(Dataset content)

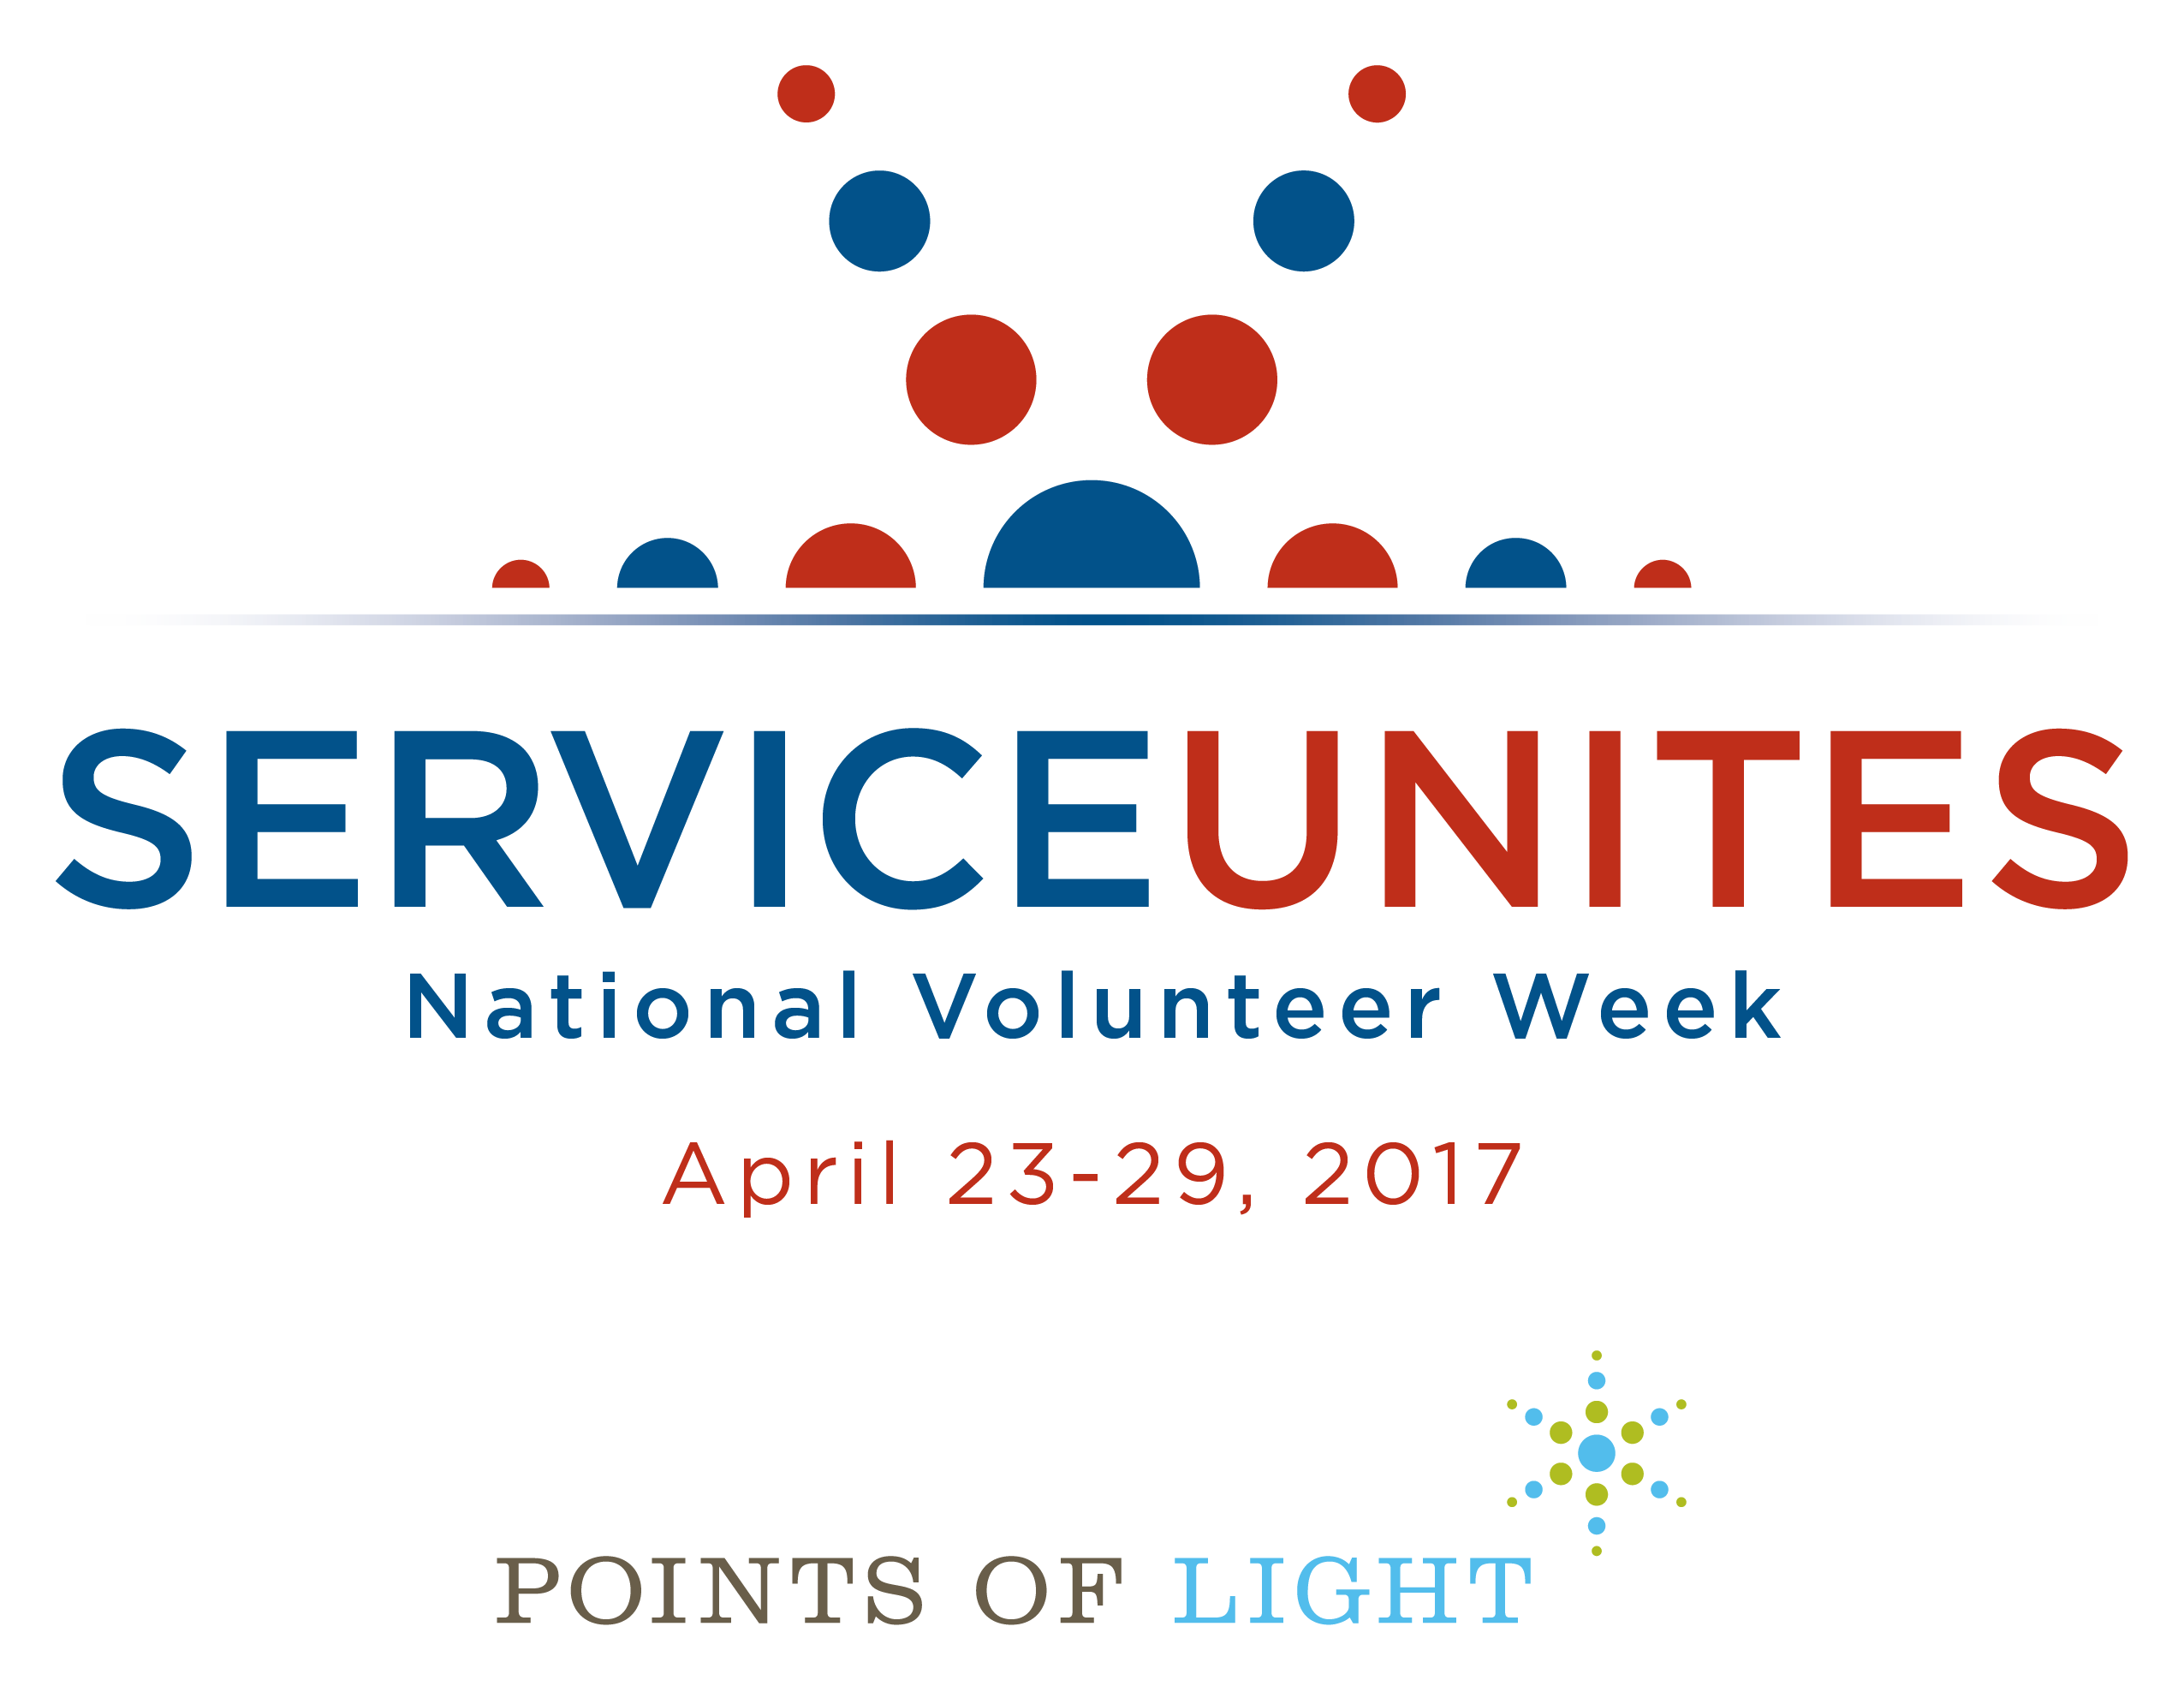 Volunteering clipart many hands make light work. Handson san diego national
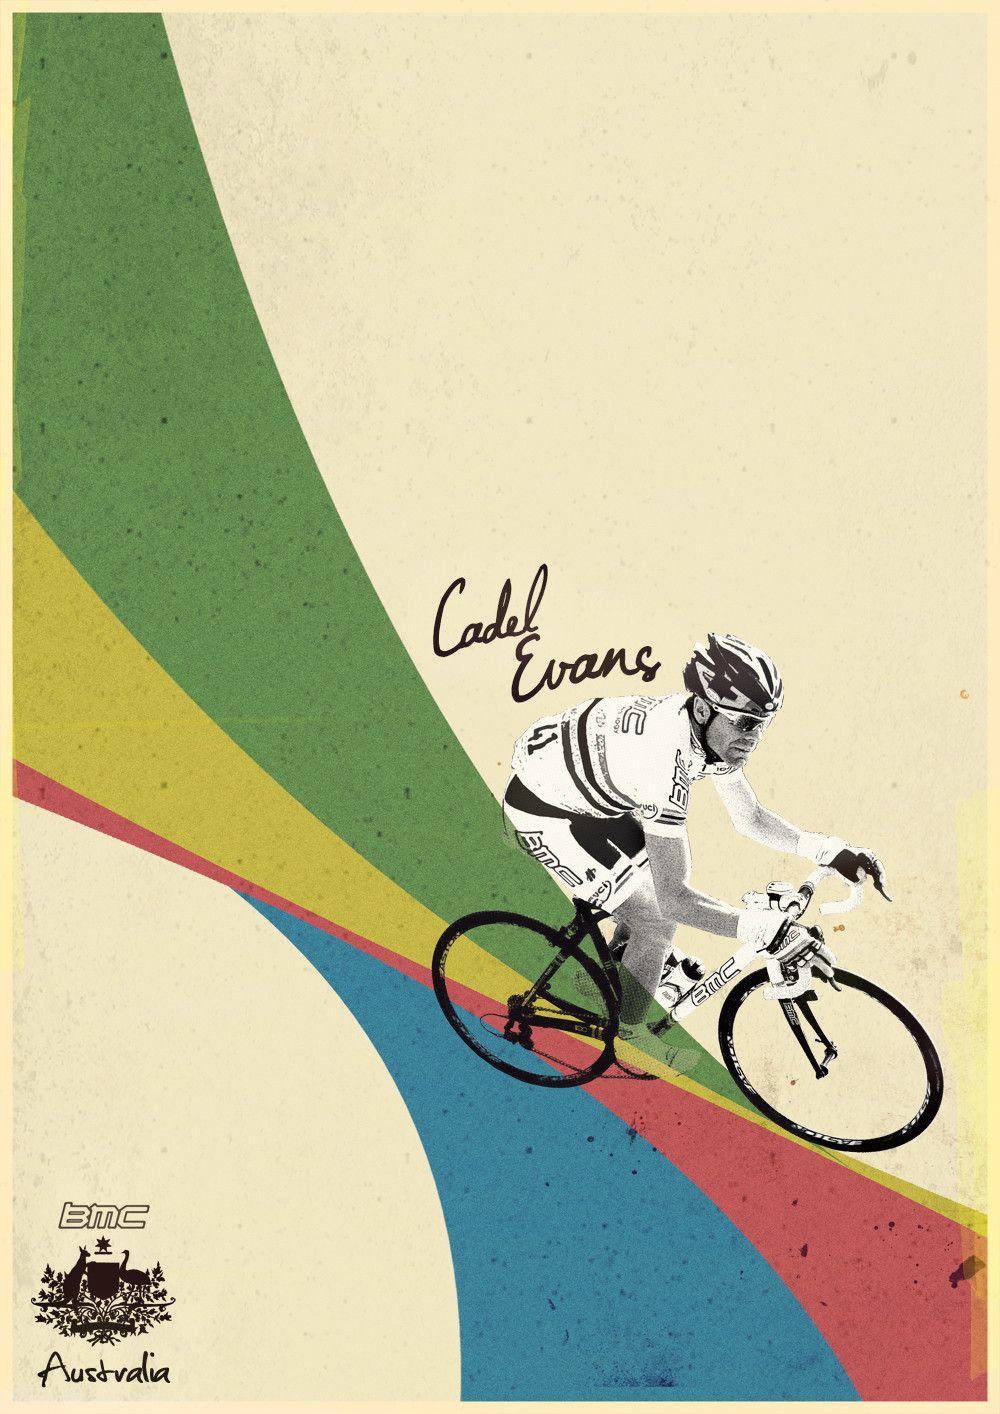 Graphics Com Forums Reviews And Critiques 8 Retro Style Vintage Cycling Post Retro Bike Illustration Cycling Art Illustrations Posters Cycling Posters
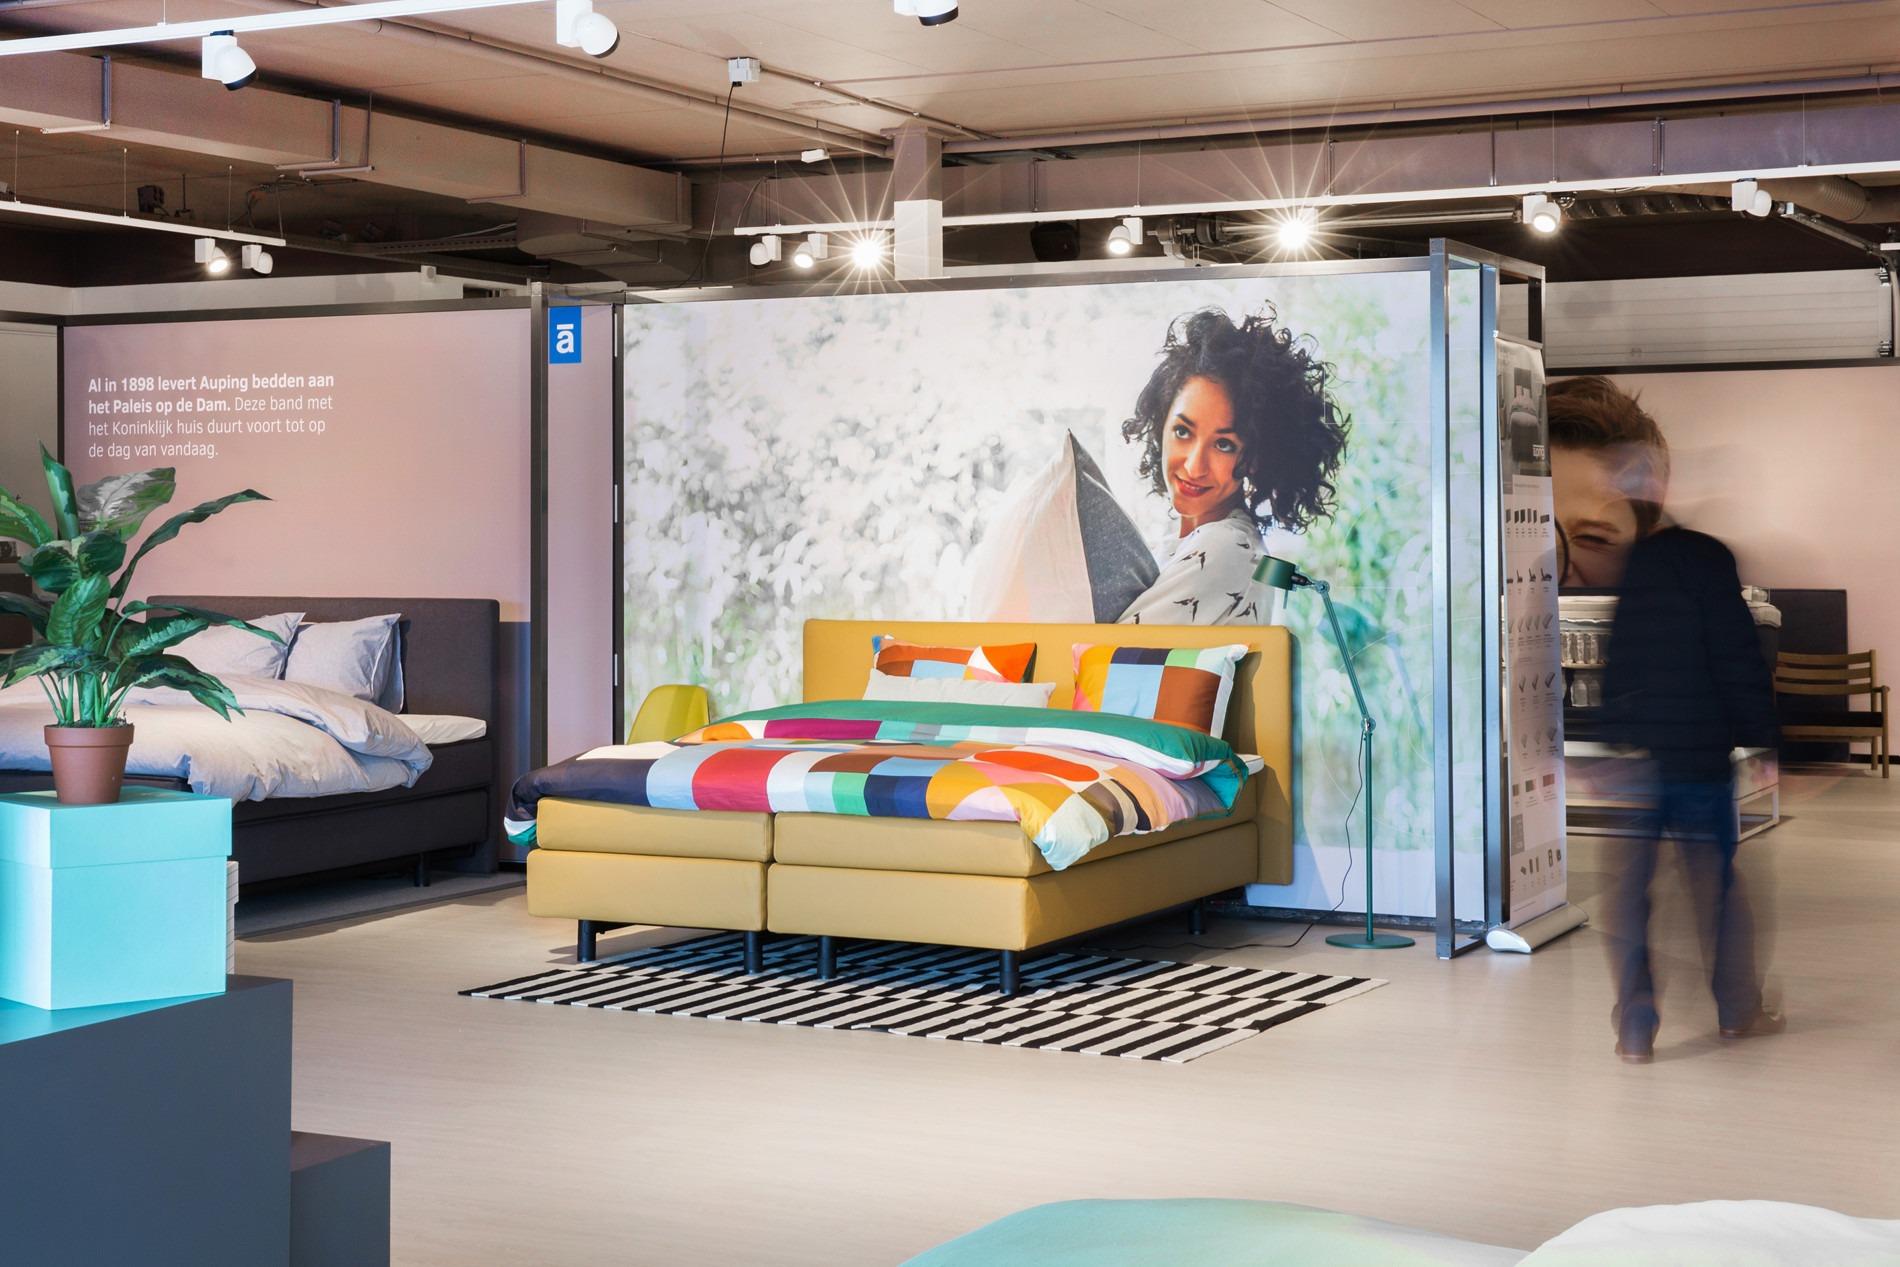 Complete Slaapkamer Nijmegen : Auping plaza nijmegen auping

(End Dataset content)

#### [Instructions for the task]
Starting at the line that contains "Graphics Com Forums", write out exactly each line through the last one in the listing above, leaving out the pictures and adding nothing else.

#### [Response]
 Graphics Com Forums Reviews And Critiques 8 Retro Style Vintage Cycling Post Retro Bike Illustration Cycling Art Illustrations Posters Cycling Posters
 Complete Slaapkamer Nijmegen : Auping plaza nijmegen auping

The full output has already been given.